# 

## gonzo93

Witam.
Czy ktoś kiedyś posługiwał się ostrzałką do wierteł firmy BASS? Planuję duże zużycie wierteł do metalu (sztachety i płot) i nie uśmiecha mi się kupowanie wierteł w ilościach hurtowych....
Czy ktoś ma doświadczenia z taką ostrzałką jak na zdjęciu poniżej?

----------


## admiro

> Witam.
> Czy ktoś kiedyś posługiwał się ostrzałką do wierteł firmy BASS? Planuję duże zużycie wierteł do metalu (sztachety i płot) i nie uśmiecha mi się kupowanie wierteł w ilościach hurtowych....
> Czy ktoś ma doświadczenia z taką ostrzałką jak na zdjęciu poniżej?


Nie wiem ile to kosztuje, ale wydaje mi się, że porządne wiertła (np. kobaltowe) będą sporo tańsze.

Ja wszystkie prace przy ogrodzeniu obskoczyłem jednym wiertłem, a przed nim zużyłem chyba z 5 dziadostwa chińskiego na jedną dziurkę 8mm.

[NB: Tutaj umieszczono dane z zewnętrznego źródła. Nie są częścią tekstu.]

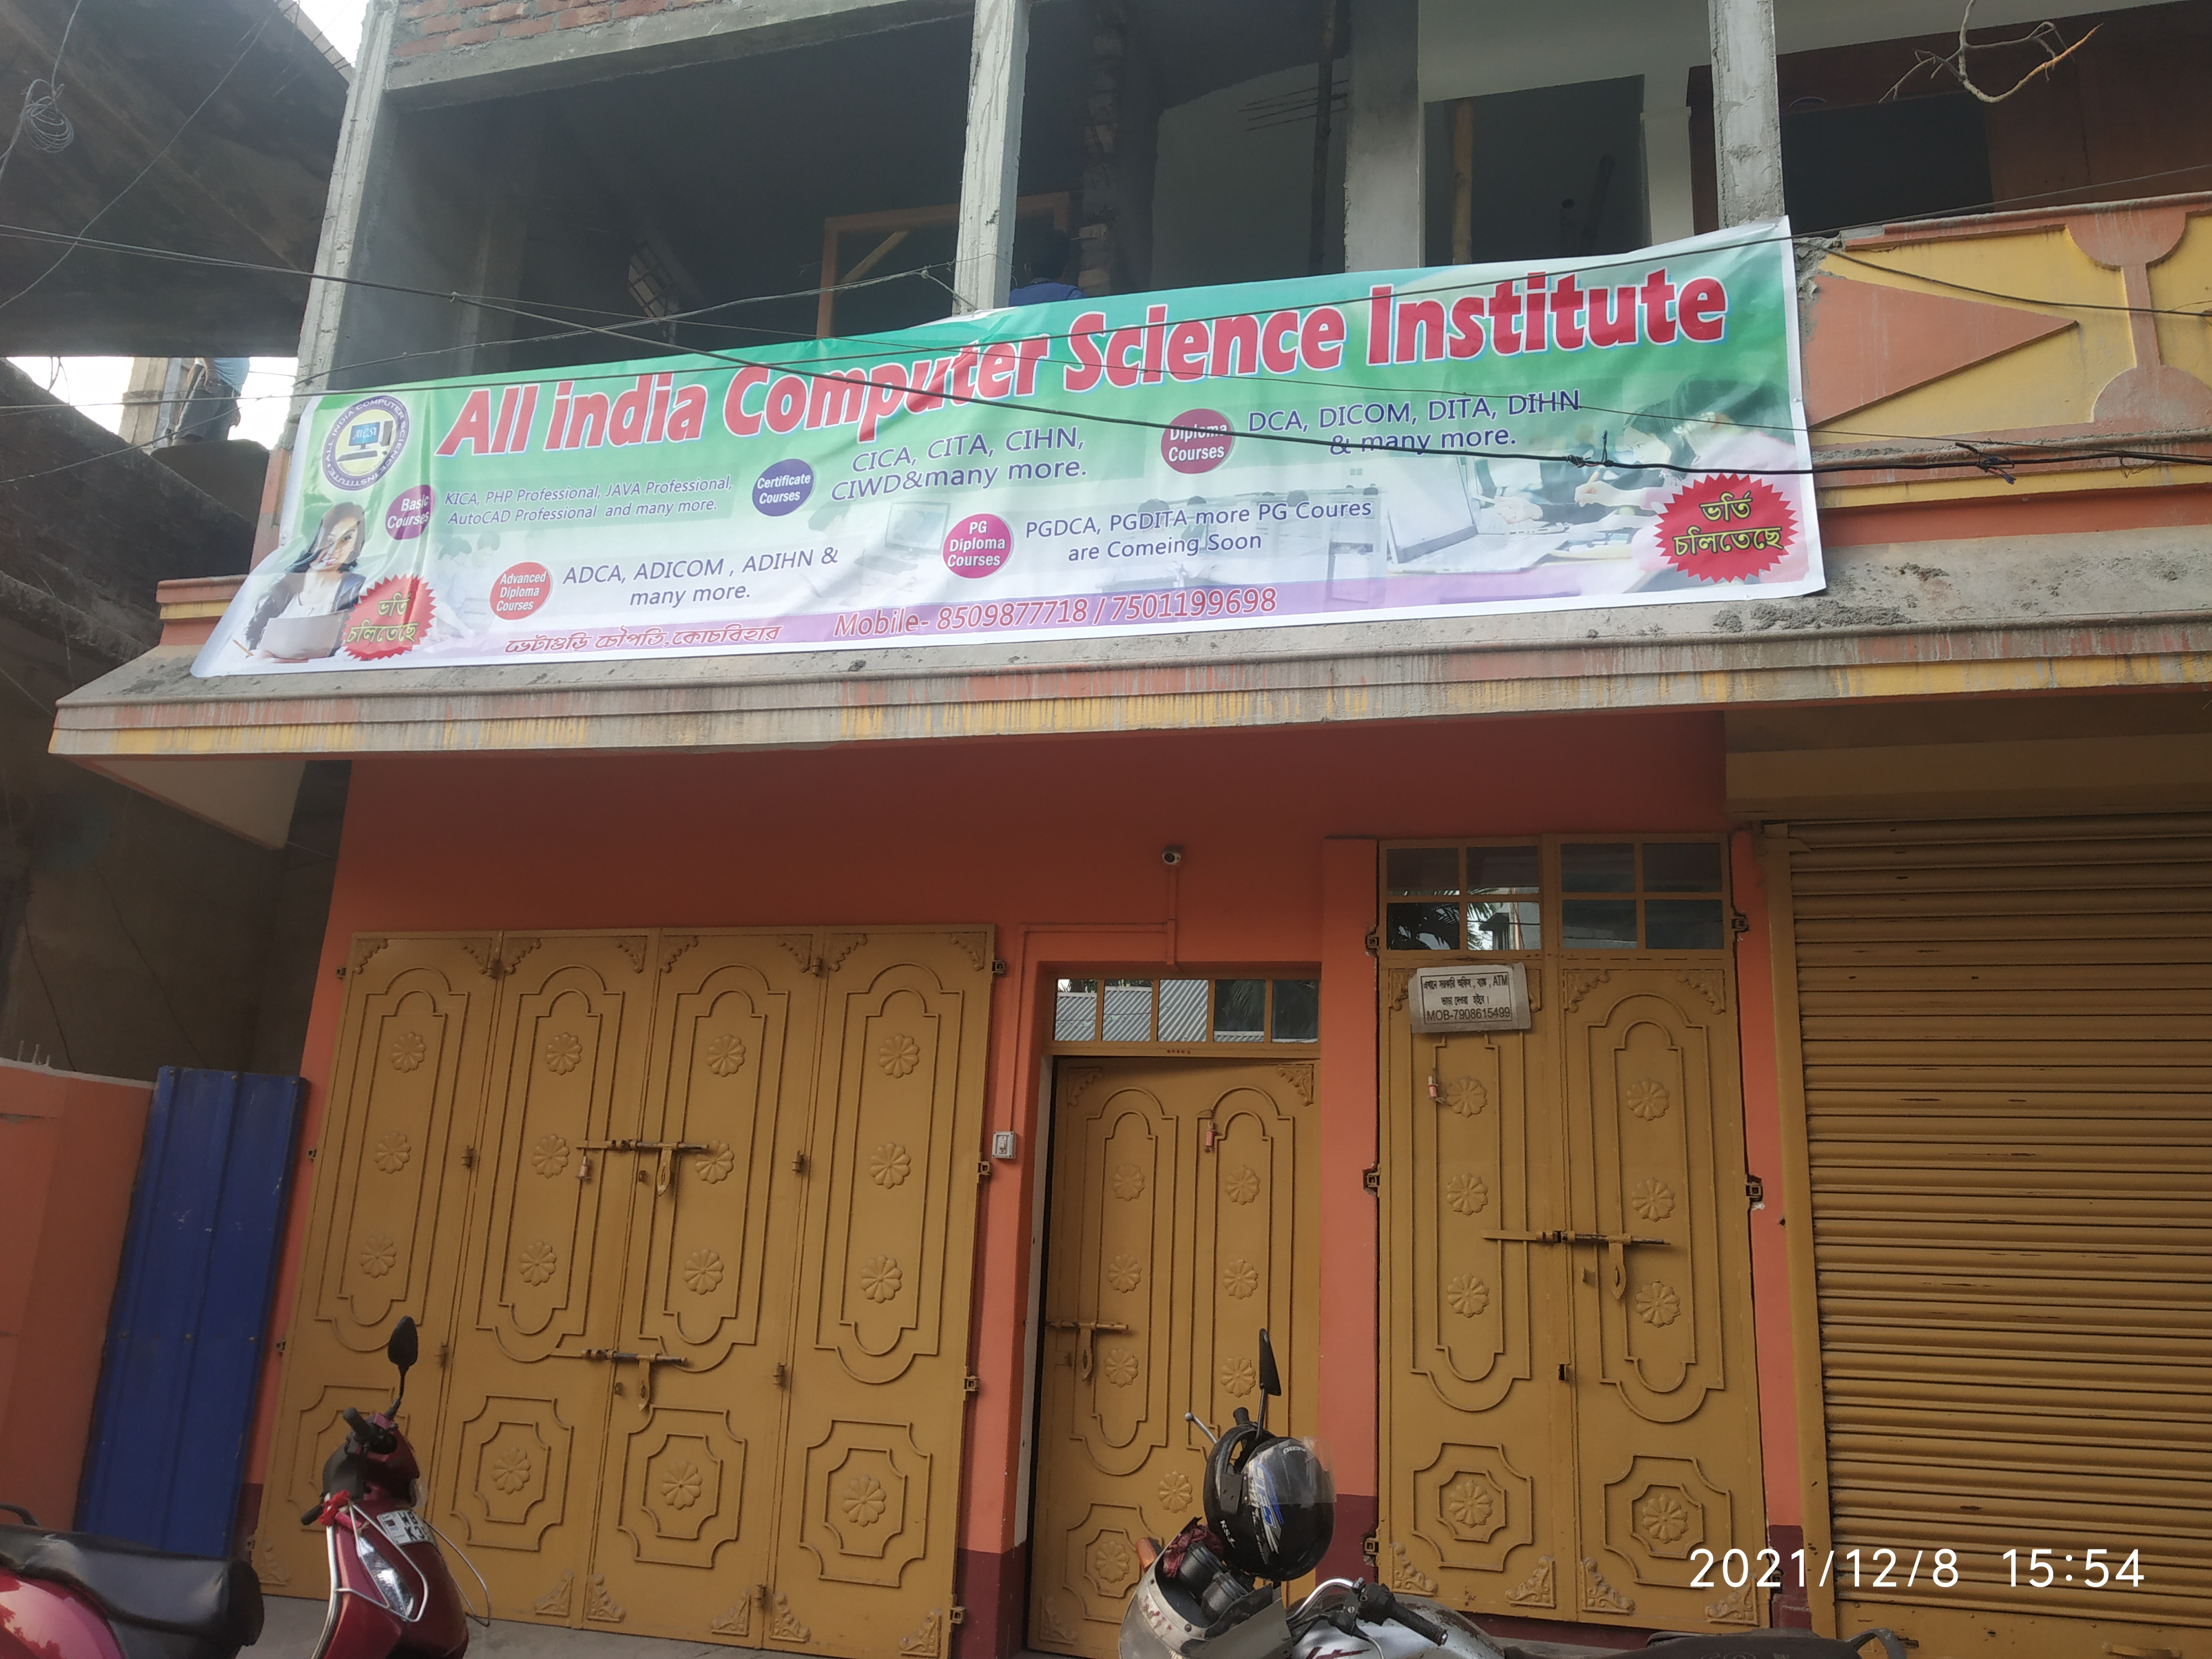 All India Computer Science Institute

Chińszczyzna po naostrzeniu będzie w dalszym ciągu jednorazowa.

----------


## bst

Warto o ile masz tam sciernice diamentowa. A pewnie tak nie jest.
Po kilku ostrzeniach umieszczona tam sciernica sie odksztalci i nie uzyskasz poprawnego ksztaltu ostrza.
Lepiej nauczyc sie ostrzyc z ręki. Nie jest to wcale takie trudne, a mozesz dostosowywac wiertlo do danego materialu.
Lub jak nadmienil przedmowca, kupowac dobre wiertla (kobaltowe, widiowe itp).

----------


## Jerzysio

Potwierdzam j.w.
Ostrzenie z "ręki" wcale nie jest trudne, potrenuj na starych wiertłach.
Pzdr
J

----------


## gonzo93

Witam
Toto na obrazku powyżej kosztuje ok 80zł. Wiertła które ostatnio kupowałem 25zł za sztukę i raczej nie było chińskie. Szlifierki zwykłej też nie mam więc "z ręki" nie naostrzę. Też zastanawiam się co w przypadku zużycia kamienia który tam jest... Może faktycznie kupić zwykłą szlifierkę i będzie prościej z kamieniami do niej.

----------


## beton44

do ostrzenia wierteł 
nie trzeba szlifierki - wystarczy tarcza ścierna /ubity kawałek/
i trzymając wiertło w ręce je naostrzysz posuwając po tej tarczy
/bo tam trzeba bardzo niewiele tego metalu zebrać/

no takie do średnicy powiedzmy 10mm to pójdzie w miarę,
jakieś takie 30mm to będą problemy fizyczne  :Confused:

----------


## pblochu

Szczególnie jak wyszczypie 
Szczególnie jak masz porządne wiertło 

Dobra ściernica korund z lepiszczem żywicznym i prosta  szlifierka
W ostateczności szlifierką kątową też ostrzyłem

----------


## bigmario4

> W ostateczności szlifierką kątową też ostrzyłem


W ostateczności to i o beton też naostrzymy,tylko jak??
Używam od kilku lat przystawki na wiertarkę do ostrzenia wierteł,zaden kamień się nie odkształca za każdym razem ostrzy tak samo.(spróbujcie "z ręki dobrze zaostrzyć np wiertło 2 mm)
Jak dla mnie ta maszynka powinna sie spisywać równie dobrze.

----------


## gonzo93

> Używam od kilku lat przystawki na wiertarkę do ostrzenia wierteł,zaden kamień się nie odkształca za każdym razem ostrzy tak samo.(spróbujcie "z ręki dobrze zaostrzyć np wiertło 2 mm)
> Jak dla mnie ta maszynka powinna się spisywać równie dobrze.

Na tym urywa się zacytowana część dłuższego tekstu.